Statement of the Problem :
Despite the positive rhetoric surrounding trade liberalization under the ECOWAS Agreement, Nigeria’s export sector continues to face significant challenges. A critical problem is the uneven distribution of benefits among different sectors. While certain industries have experienced growth, others lag due to inadequate capacity and infrastructure, limiting the overall impact of liberalization on export competitiveness (Eze, 2024). Moreover, the expected improvements in productivity and innovation have been undermined by bureaucratic delays, policy ambiguities, and a slow pace of regulatory reforms. As domestic firms struggle to adjust to increased competition, questions arise as to whether the liberalization process is deep enough to generate sustainable export performance.
Additionally, macroeconomic vulnerabilities—such as fluctuating exchange rates and dependency on volatile global commodity prices—exacerbate the difficulties faced by exporters. These factors often diminish the intended benefits of the ECOWAS Agreement, creating an environment where short‐term gains are offset by long‐term structural deficiencies. The lack of comprehensive support mechanisms, such as access to finance and technology transfer, further hinders small and medium enterprises from leveraging the liberalized trade environment. Consequently, the trade reforms have not consistently translated into enhanced competitiveness across all sectors. This gap between policy intent and practical outcomes calls for a rigorous investigation into the actual impacts of trade liberalization. The study aims to fill this research gap by exploring how various constraints interact to affect export performance, and by identifying critical policy levers that can be used to maximize the benefits of regional integration. Addressing these issues is fundamental for policymakers and industry stakeholders who seek to refine strategies that could ultimately lead to a more robust and competitive export sector in Nigeria.
Objectives of the Study:
To evaluate the effects of trade liberalization on Nigeria’s export performance under the ECOWAS framework.
To analyze sector-specific outcomes resulting from policy reforms.
To recommend policy measures for enhancing export competitiveness.
Research Questions:
How has the ECOWAS Agreement influenced Nigeria’s export performance?
What are the critical challenges affecting the competitiveness of Nigerian exports?

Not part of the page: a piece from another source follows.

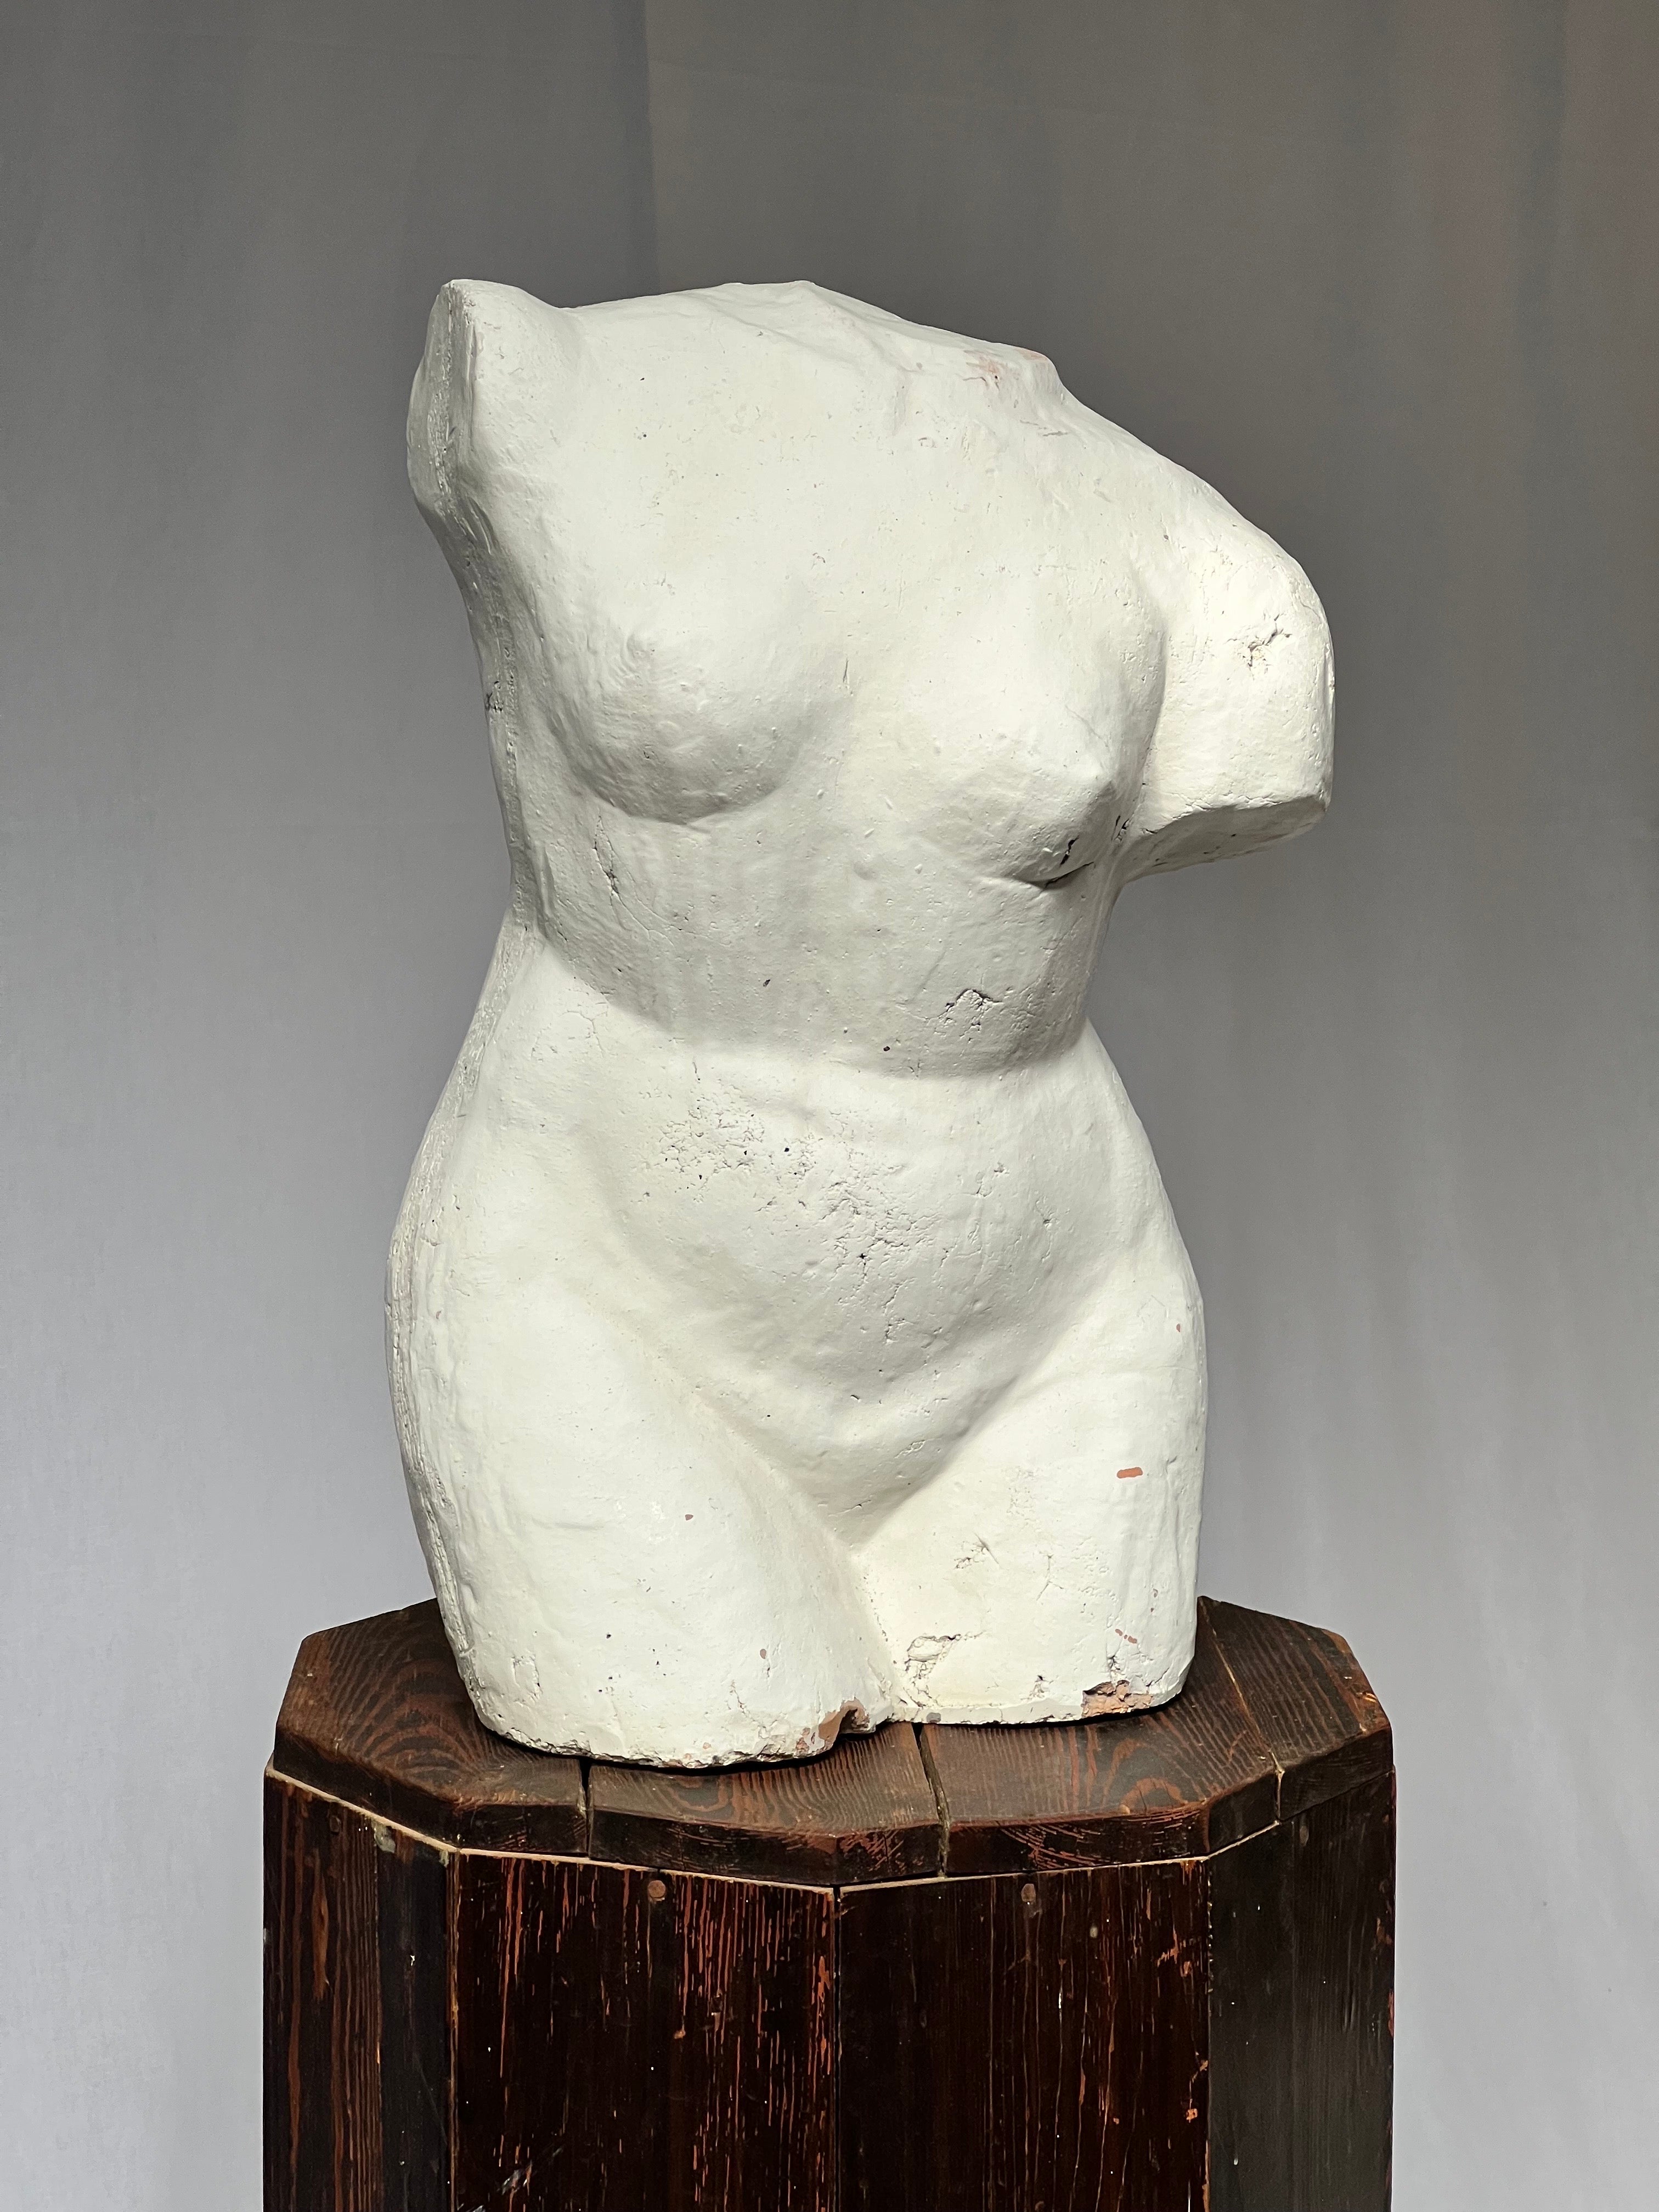 Torse d'une femme nue en argile peinte en blanc. Il s'agit d'une texture brutale avec des motifs et des traces de sa fabrication. Peinture blanche sur l'argile.

Le piédestal est également disponible sur une autre

How can policy interventions better support domestic industries in a liberalized trade environment?
Research Hypotheses:
Trade liberalization under ECOWAS positively impacts Nigeria’s export performance.
Structural constraints significantly moderate the benefits of trade liberalization.
Effective policy reforms can enhance the competitive edge of Nigeria’s export sectors.
Scope and Limitations of the Study:
This study focuses on Nigeria’s export performance within the context of the ECOWAS Agreement from 2010 to 2024. It examines key sectors such as agriculture, manufacturing, and services. Limitations include data inconsistencies, potential biases in secondary sources, and the challenge of isolating liberalization effects from other macroeconomic variables.
Definitions of Terms:
Trade Liberalization: The reduction or removal of trade barriers to promote free trade.
Export Competitiveness: The ability of a country’s goods and services to compete in international markets.
ECOWAS Agreement: A regional trade agreement aimed at economic integration among West African countries.